When things happen to you, oftentimes, they are not controllable. We live in a flawed world. Bad things are going to happen to you, whether you’re a good or a bad person, Christian or not, it’s how the world is, but we do have power over how we react to those things. My mom was the one who taught me that. When I thought about it, I realized that I only thought about my future. I thought about 10, 20, 30 years from that moment, “How would I allow what had happened to me to influence 30 or 40-year-old Kechi?”
I felt like I had to make certain decisions at that moment that would have a ripple effect on the rest of my life and how I approach life, “Did I want to be a victim all my life essentially? Did I want what happens to influence me in such a way that it’s all I’m at or about and the only thing that people know, see or understand when they see me and encounter me? What life did I want to leave live after this traumatic situation? I’m not going to be in the hospital forever. When I get back out there into the world, how do I want it to be?”
I thought about that and all the people who passed away. I thought about my friends, their parents, and loved ones who were praying for me, constantly calling and interceding for me, who saw my life as one good thing that came out of this. The feeling was, “At least one person out of all those kids survived this.” We’re so happy one person survived this. I felt like, “This life can’t be lived in this feeling of being a victim. I can’t live this life that has been saved against so many odds in such a lackluster way.”
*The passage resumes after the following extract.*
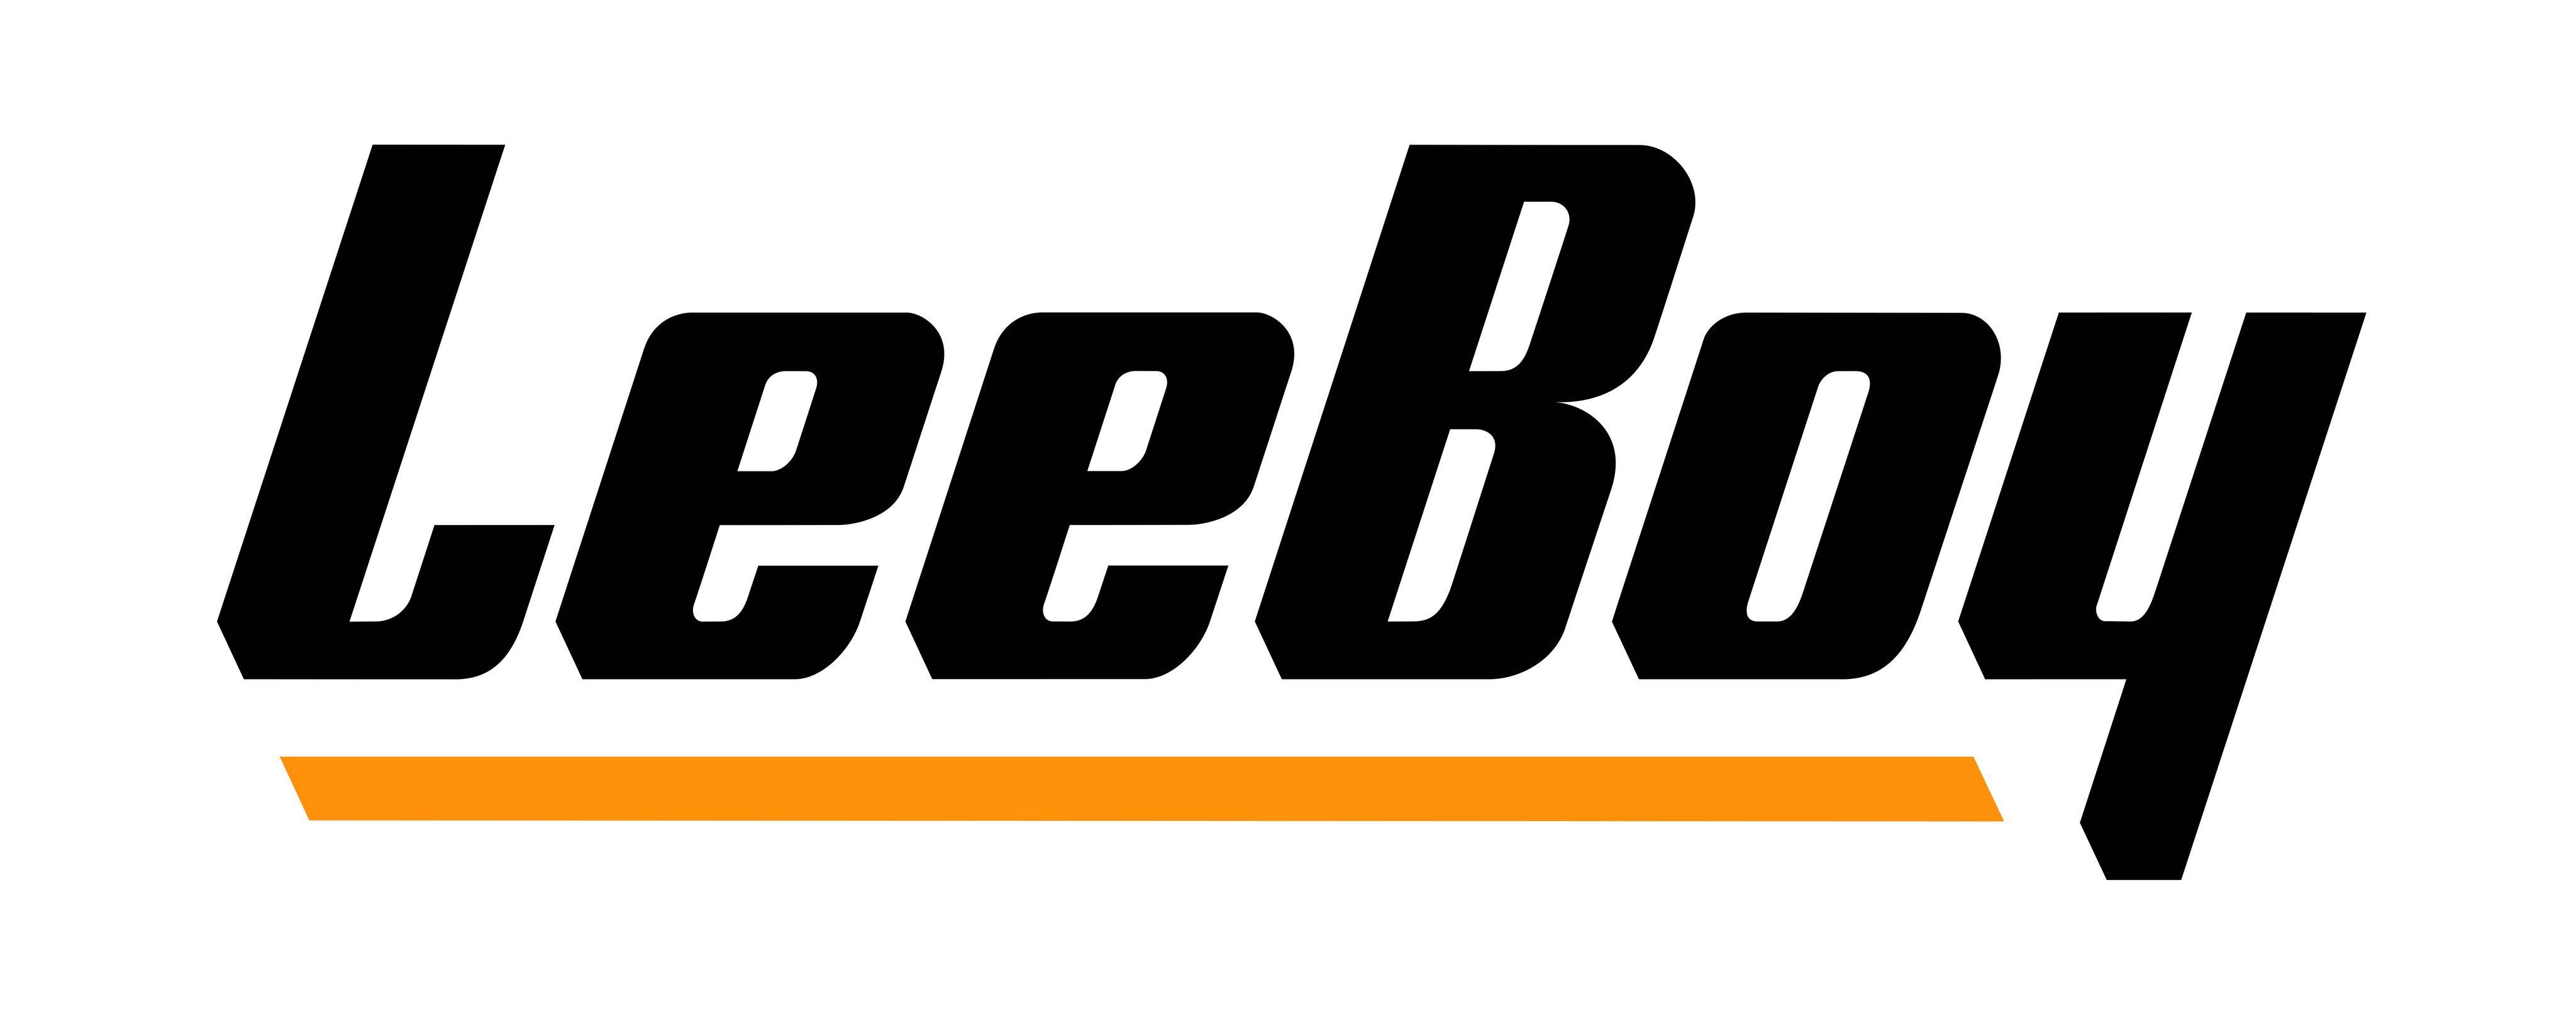 Leeboy Logo - Logo LeeBoy

I felt like it would be so insulting to everything that had happened and all the people who passed away. I wanted my life to represent something good for them. For no one else, for those kids, my friends, and then for their parents who were so hopeful for my life, I wanted my life to mean something for them as well.
It was a choice. Instead of allowing the situation to stunt my growth, to keep me crippled in this depression and darkness, I want it to make me stronger. I want it to be my reason for continuing, staying resilient, and pressing on because I made it through something that many were not fortunate to make out of. Therefore, that has to count for something.
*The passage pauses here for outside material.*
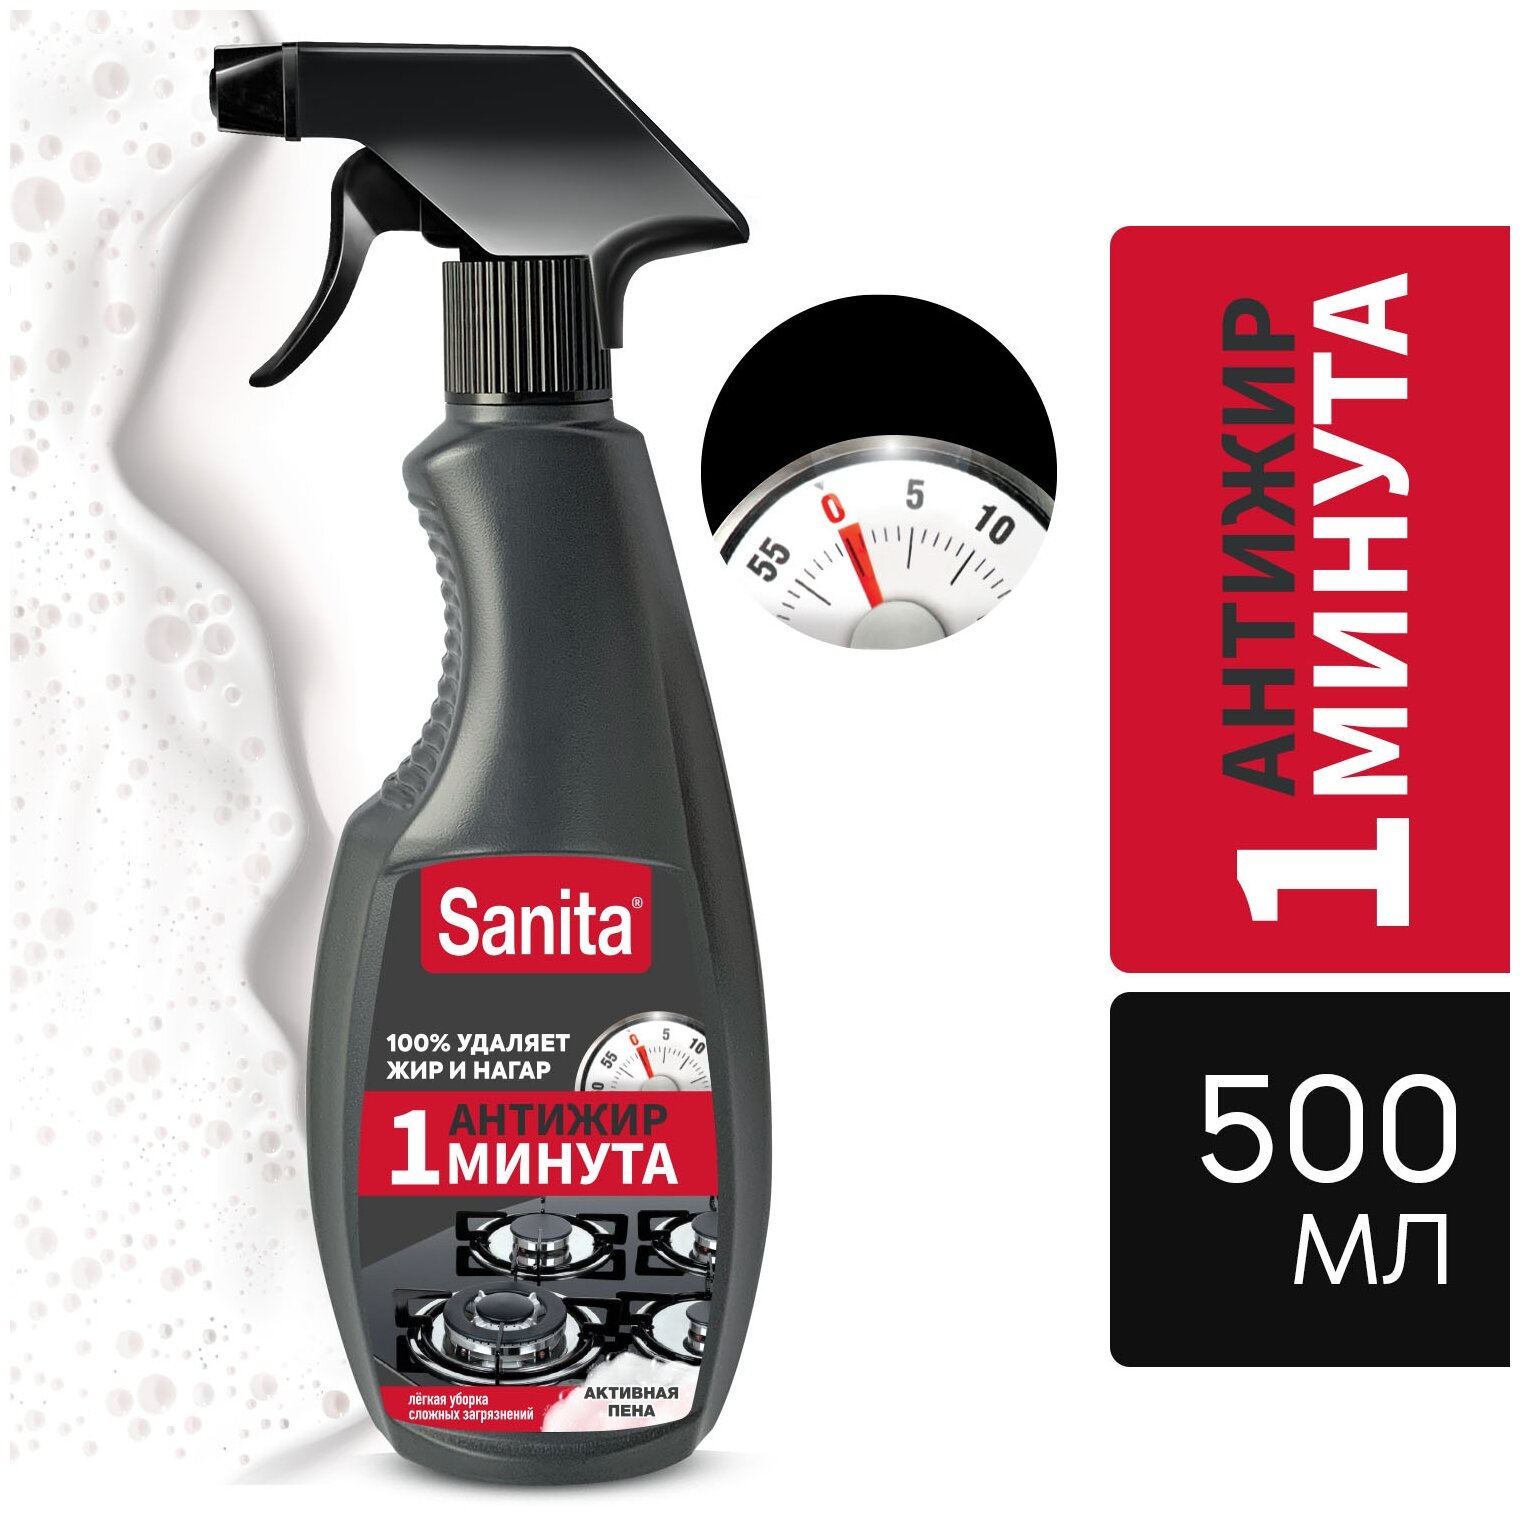 Чистящее средство для кухни "SANITA" спрей очиститель Антижир "1 минута", 500 мл

It didn’t mean that I felt like I had to do something excellent with my life or I had to change the world in a dramatic way because I survived a plane crash. It was more like taking each day at a time, facing every day wholeheartedly, being full, authentic, genuinely Kechi, and presenting that Kechi to the world as honestly as possible, and doing everything that I ended up doing as excellently as possible, whether it’s working out, going to school, getting good grades, waking up in the morning, taking a shower, and starting your day feeling refreshed, or giving a speech at some fancy event.
It didn’t matter what level of activity we were talking about here. What matters is how you approach that activity, whether big or small. That was a choice that I made at that moment not to allow my grief to cripple me but allow it to propel me forward and strengthen me the way that God was strengthening me.
Once I made that decision, a whole new perspective opened from me where everything I was doing was for a purpose. I was doing it for a reason. Me living my life well became something necessary to do in order to fulfill that purpose that I felt God had given me, which was to represent the lives of those that were lost and show them that I appreciate the second chance at living that I’d been given. This isn’t self-imposed pressure, and it wasn’t even pressured. It was a basic responsibility. That’s what it evolved into.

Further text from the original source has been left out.